Fukuzawa grasped the essential points of American democracy, and the wider concept of individual rights as it was understood throughout most of the West by the mid-1800s. He is credited with introducing a variety of abstract Western words into the Japanese language—from the fields of philosophy, civics, and economics. He often struggled to “invent” a Japanese word for these concepts when no equivalent yet existed.

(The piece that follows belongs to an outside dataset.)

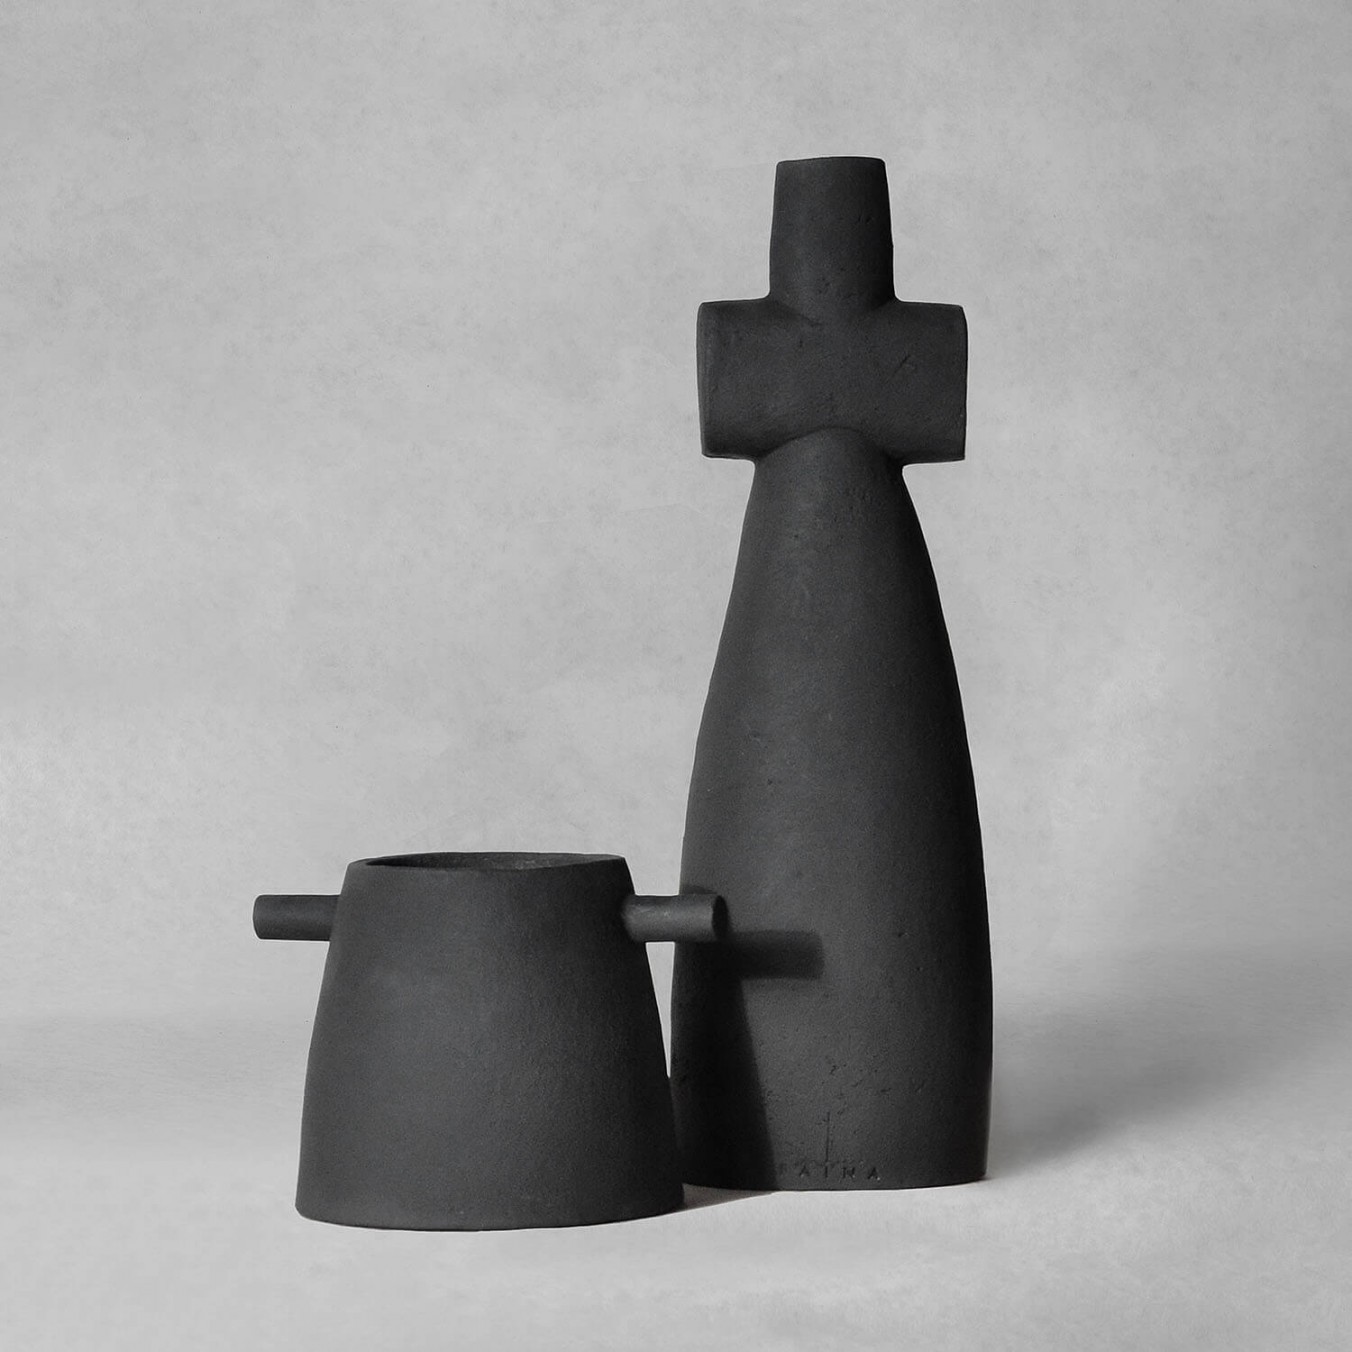 MOTANKA set of vases

The ideas he championed include equal rights for women, representative government, and personal liberty.  

Fukuzawa’s first major written work was Conditions of the West, a three-volume series that he published between 1866 and 1870. These books were soon followed by others. The term “Fukuzawa books” became synonymous with Western learning.

 

Fukuzawa’s Attitudes about Japan and the West

 

Fukuzawa’s attitudes about his own country should not be misunderstood. On one hand, he did not flinch from exposing aspects of Japan that he believed to be backward. In An Outline of a Theory of Civilization, he describes Japan as “semi-civilized,” like China or the nations of the Middle East—and definitely inferior to America and Europe in the areas of culture, government, and science. At the same time, he was a devoted patriot. He asserted that Japan could overcome its weaknesses and deal with the nations of the West as equals.  

While never wavering from his calls for Japan’s modernization, in his later years Fukuzawa became convinced that the West did not practice what it preached. He was angered by the West’s imperialist land grabs in Asia, and the unequal treatment of non-whites in most Western countries. The behavior of the many Westerners in his midst also disillusioned him. He lamented that the foreign merchants and sailors who visited Japan were prone to drunkenness, dishonesty, and violent behavior.